10. The financial system in Canada is among the most highly advanced and sound in the world, and it is supported by a well-developed regulatory and supervisory framework. In this context, we welcome the financial system reform legislation enacted last February. Financial institutions are well capitalized and provisioned, and appear well positioned to manage pressures arising from the anticipated slowdown in economic activity, including the adverse impact on corporate and household balance sheets. Nevertheless, more profound and protracted weakness in the Canadian and U.S. economies could create difficulties in parts of the financial system, and the staff agree with the authorities that they should remain alert to any such pressures.

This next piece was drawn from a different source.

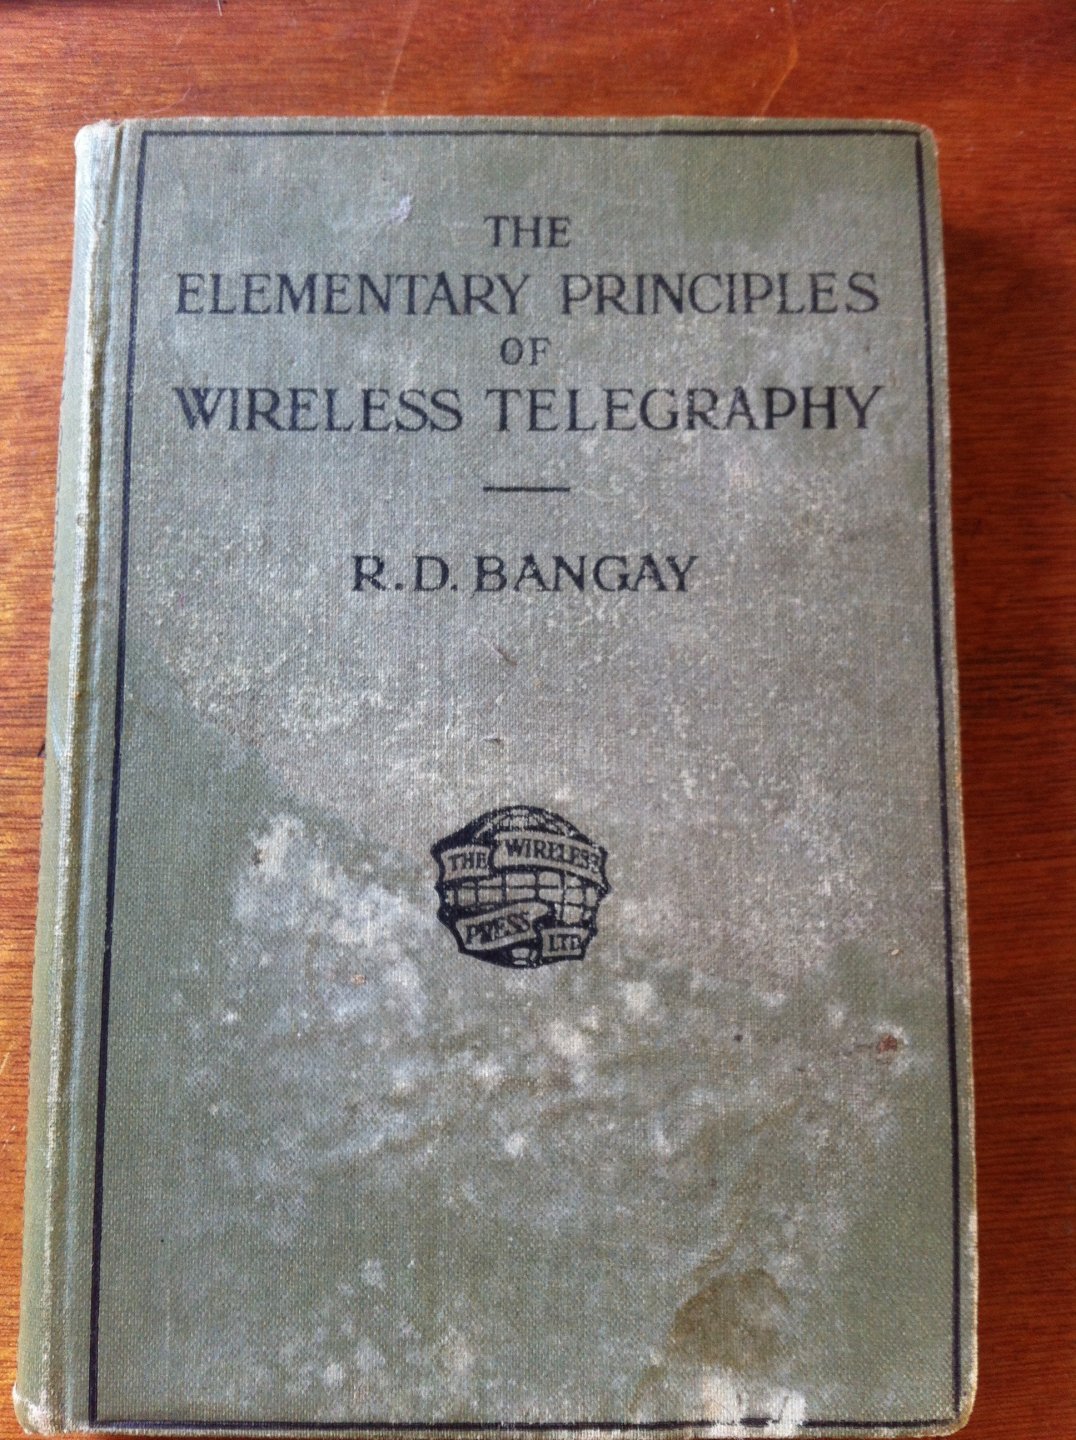 Bangay, R.D. - The elementary principles of wireless telegraphy part 1

11. Canada has long been a leader in trade liberalization initiatives at the multilateral, regional, and bilateral levels, and we urge the authorities to continue to pursue trade liberalization vigorously. While Canada has significantly reduced its barriers to trade across a wide range of products, protection levels remain high in sensitive sectors, mainly "supply-managed" agricultural products, textiles, and clothing. Canada has been generous in providing favorable access to its market for the least developed countries, but the exports of these countries to Canada still face quotas and high tariffs on some products, especially textiles and clothing. At a minimum, we strongly encourage the authorities to accelerate trade liberalization in these products in advance of the current schedule. This would help improve resource allocation in Canada and promote growth in the neediest countries.
12. Canada's official development assistance (ODA) as a share of GNP has declined by almost half since 1992 to only 0.25 percent of GNP in 2000. The IMF staff encourages the authorities to begin raising ODA spending toward Canada's long-standing development-assistance target of 0.7 percent of GNP.